Geologist Steve Quane, a physical sciences tutor at Quest University, says he thinks about the vulnerability of the Porteau Bluffs every time he drives by them.
He says despite the work done by the province, another slide is likely in the area at some point.

“But if you think about the amount of rock so adjacent to the highway, I don’t know that we can engineer out way out of potential rockfall,” he said.

Large linear cracks in the rock make the bluffs particularly prone to slides, according to Quane.

“What you see as you are driving right next to it are very large fractures,” he explained.

“They are through-going for one, so quite extensive and they are actually sloped down toward the road.”

If anything gives way above, rock is prone to come down onto the highway, he added.

The fractures were created over a long period of time, through a process of, put simply, exfoliation.

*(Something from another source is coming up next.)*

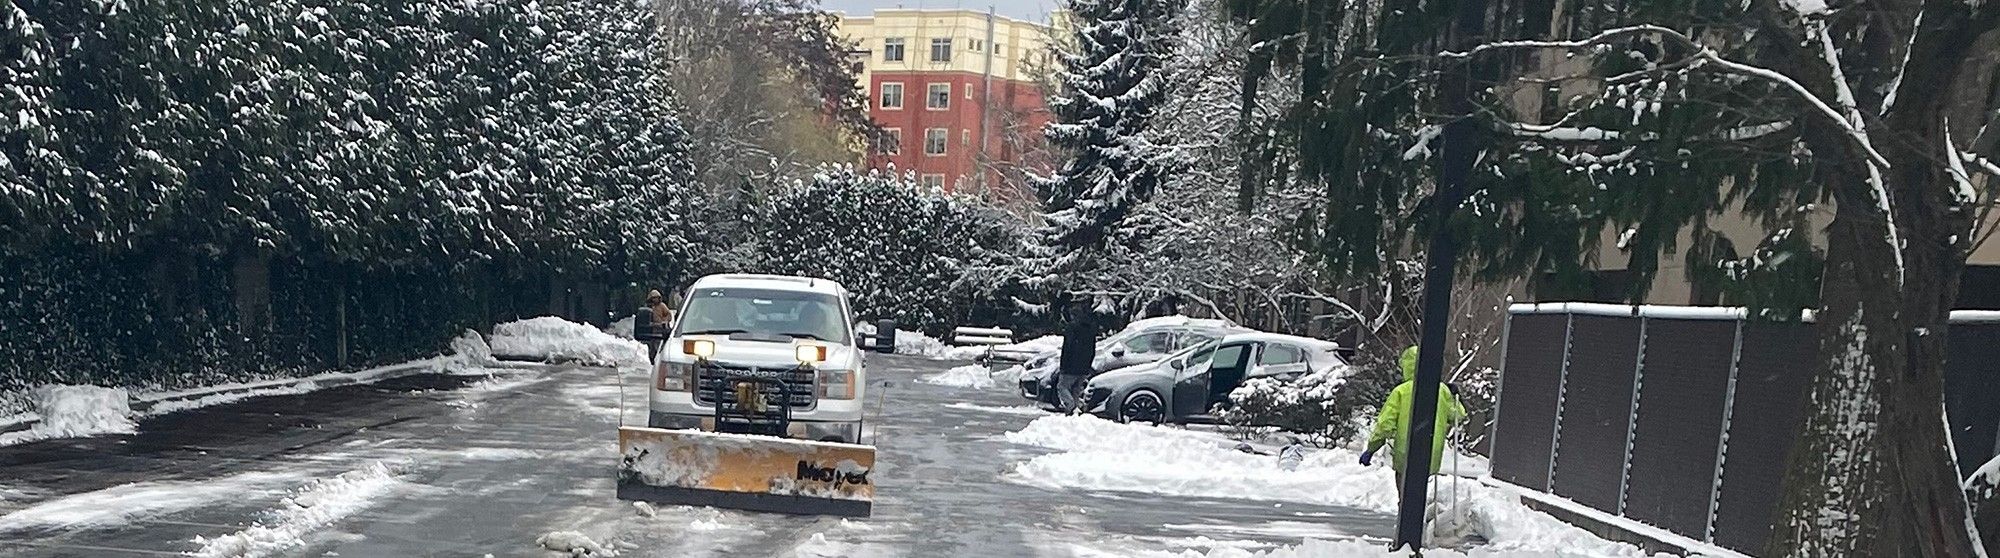 Downtown Kent Washington in winter where an Alamo snow plow pickup truck clears the street of piled up snow.

“Almost like the peeling of an onion,” he said. “The rocks become weaker as they are exposed on the earth’s surface and then our normal weathering processes — wind and water and ice, freeze-thaw — start occurring in these weaknesses and this is where things become more problematic, as gravity acts on them.”

Mayor Patricia Heintzman was out of town at the time of the 2008 slide but remembers the resulting concern over the highway not being in shape for the Olympics.

“Everyone was freaking out that if this should happen during the Olympics, it would crash the whole experience,” she recently recalled, adding that the safety of the highway, especially at Porteau Bluffs has been a long-standing issue.  “Those slabs are on quite an angle, almost stacked, and so it is a precarious geological zone — period.”

Heintzman acknowledged a lot of money and effort was spent to improve the Sea to Sky Highway and to bolster the emergency ferry terminals at Darrell Bay and Porteau Cove.

The only other option for the province would have been to route the road through the mountains, which wasn’t very practical.

Heintzman echoed the sentiment of Bourgh that drivers need to respect the power of nature and the landscape along the highway.

“People have to realize this is a mountain, ocean highway. It is twisty and turny. It gets inclement weather; it fogs over at night, the bridges can be icy. You are in a mountain environment, but because it is such a wide almost parkway-type highway now, people sort of take it for granted. But it is a mountain highway — a tremendously challenging road and people need to respect that.”